1 - Obtaining the Holzmann Distribution

The Peter Holzmann USENET Distribution of the Hershey Glyph data was posted to the USENET former newsgroup "mod.sources" in December 1986. It is archived in the "comp.sources.unix" archive, Volume 4. This is available from several sources online; at the time of writing these included the Internet Software Consortium (http://sources.isc.org/) and uu.net (ftp://ftp.uu.net/usenet/comp.sources.unix/).

Note that the Holzmann USENET Hershey Glyph Distribution Cover Statement in this distribution is slightly shorter than the version distributed with the Hershey Fonts in Ghostscript®. I do not know why.

2 - Unpacking It

The distribution is packaged in five files. Each of these uses the older "compress" program for data compression. Modern Linux® systems support the unpacking of this format.
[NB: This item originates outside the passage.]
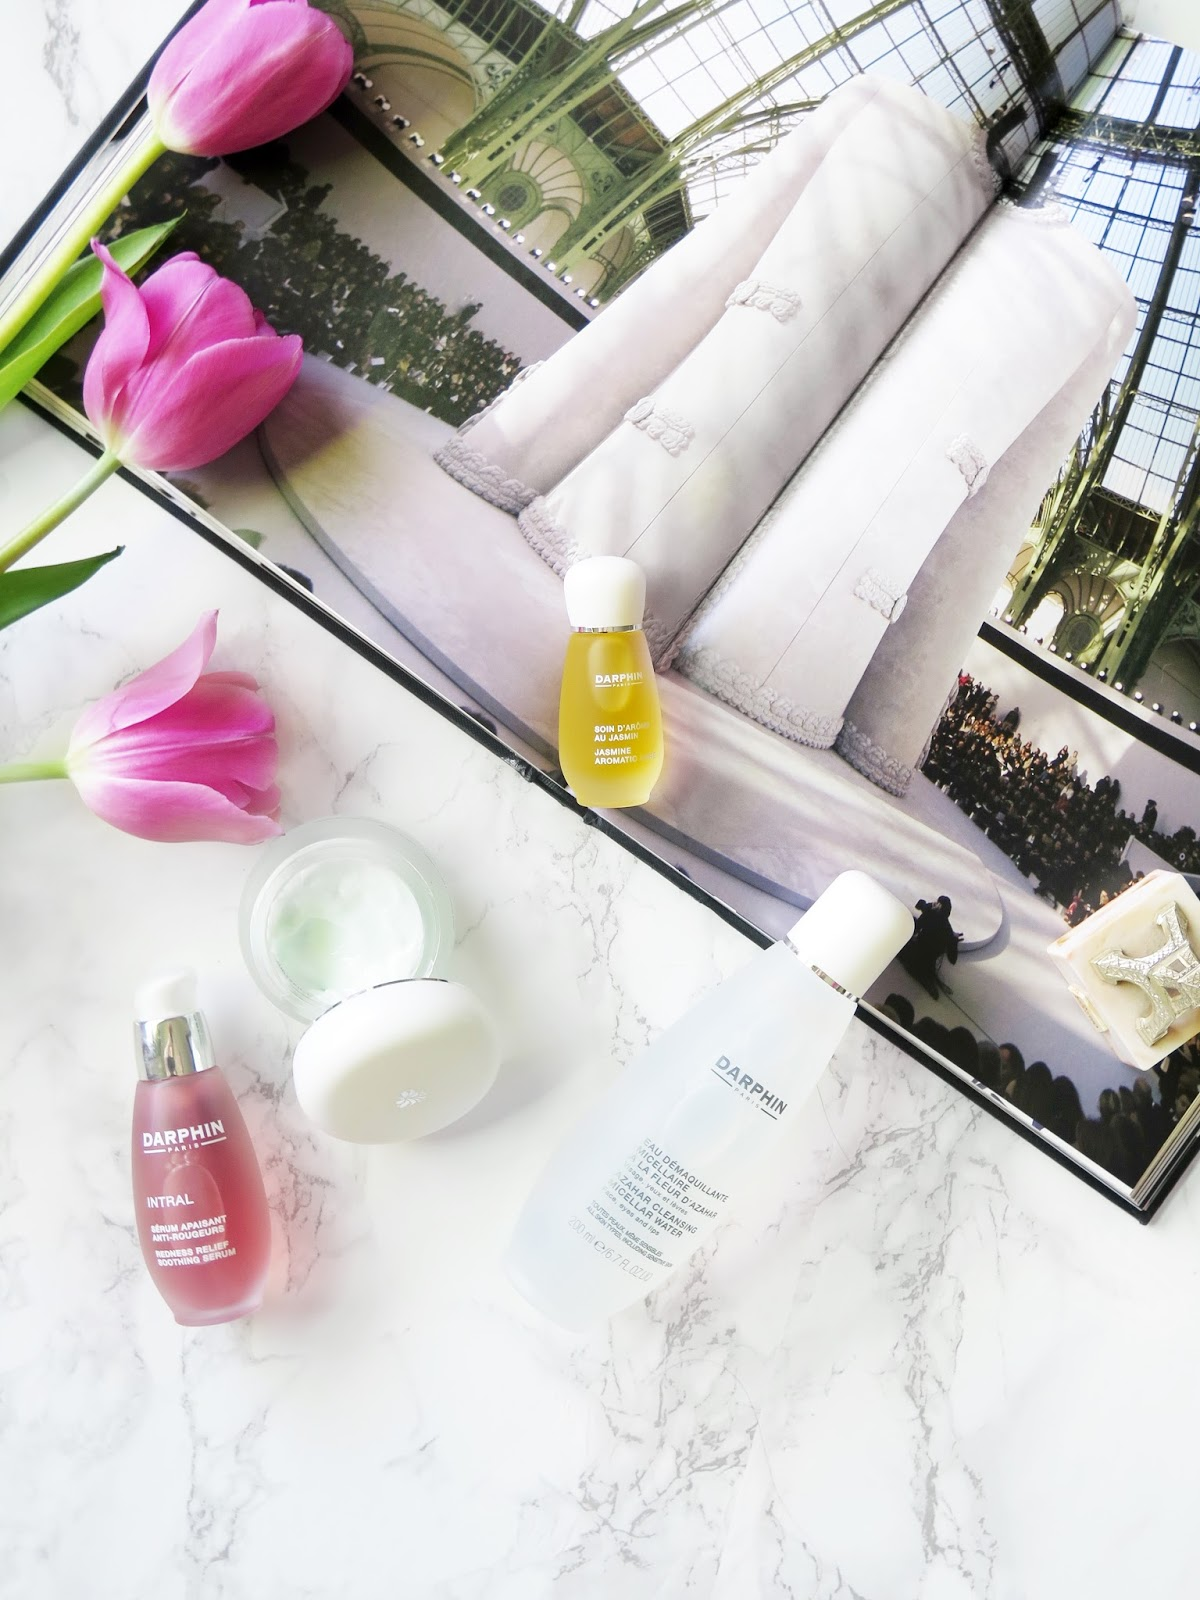 Be Parisianne | Experience La Belle Vie Through Darphin Paris | New To Sephora | Review | labellesirene.ca
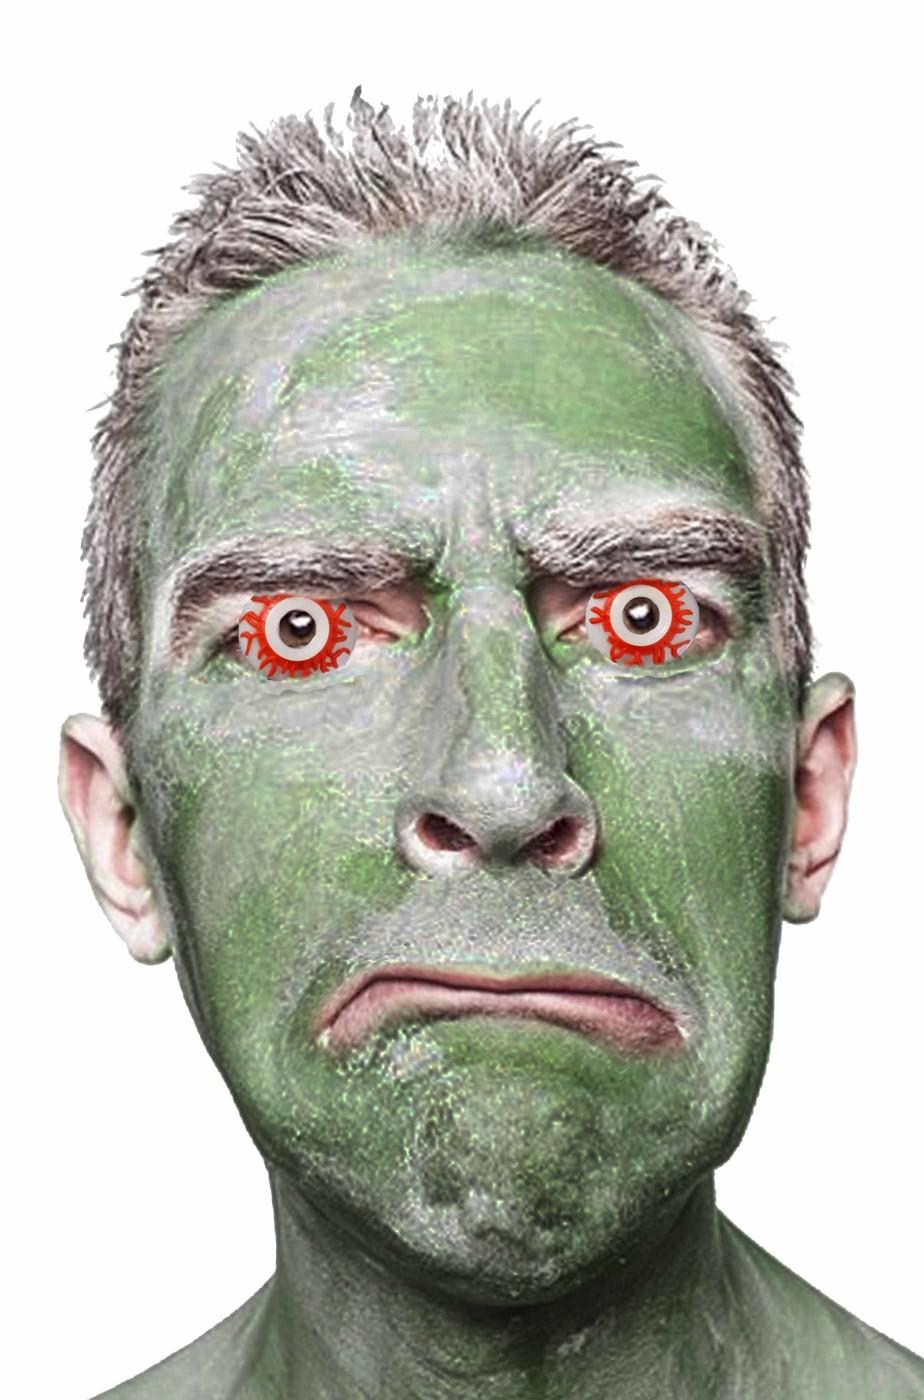 Occhi da zombie iniettati di sangue di plastica per adulti

To unpack them, I first uncompressed them:

uncompress part1.Z
uncompress part2.Z
uncompress part3.Z
uncompress part4.Z
uncompress part5.Z

The resulting five uncompressed files are "shell archives." This is a self-extracting format. As the files themselves indicate:

# This is a shell archive, meaning:
# 1. Remove everything above the #!/bin/sh line.
# 2. Save the resulting text in a file.
# 3. Execute the file with /bin/sh (not csh) to create the files:

Doing this for each file resulted in many files. I received an error message for several of the files. I haven't yet determined why:

$ sh part2
shar: extracting 'hersh.oc1' (26458 characters)
part2: test:   26458 hersh.oc1: integer expression expected
shar: extracting 'hersh.oc2' (26561 characters)
part2: test:   26561 hersh.oc2: integer expression expected
$ sh part3
shar: extracting 'hersh.oc3' (28258 characters)
part3: test:   28258 hersh.oc3: integer expression expected
shar: extracting 'hersh.oc4' (28235 characters)
part3: test:   28235 hersh.oc4: integer expression expected
$ sh part4
shar: extracting 'hersh.or1' (26757 characters)
part4: test:   26757 hersh.or1: integer expression expected
shar: extracting 'hersh.or2' (27782 characters)
part4: test:   27782 hersh.or2: integer expression expected
$ sh part5
shar: extracting 'hersh.or3' (28972 characters)
part5: test:   28972 hersh.or3: integer expression expected
shar: extracting 'hersh.or4' (25031 characters)
part5: test:   25031 hersh.or4: integer expression expected
$ 

Things seemed to work otherwise, though, and I ended up with the files:

cyrilc.hmp
gothgbt.hmp
gothgrt.hmp
gothitt.hmp
greekc.hmp
greekcs.hmp
greekp.hmp
greeks.hmp
hershey.c
hershey.doc
hershey.f77
hersh.oc1
hersh.oc2
hersh.oc3
hersh.oc4
hersh.or1
hersh.or2
hersh.or3
hersh.or4
italicc.hmp
italiccs.hmp
italict.hmp
README
romanc.hmp
romancs.hmp
romand.hmp
romanp.hmp
romans.hmp
romant.hmp
scriptc.hmp
scripts.hmp

The "README" file contains the Peter Holzmann distribution cover letter. The various *.hmp files are suggested mappings of the Hershey glyph numbers to ASCII fonts. The "hershey.doc" file contains information on the encoding format. hershey.c and hershey.f77 are sample programs for manipulating the data. Finally, hersh.oc* and hersh.or* are the files of occidental and oriental glyph data.

3 - Preparing It

As unpacked, the occidental glyph data is split into four files. Within each file, glyph definitions which exceed 72 characters in length are split every 72 characters. I found it convenient to concatenate all of these data together and to rejoin these line splits so that I had a single file containing all of the Hershey glyph data with one glyph definition per line.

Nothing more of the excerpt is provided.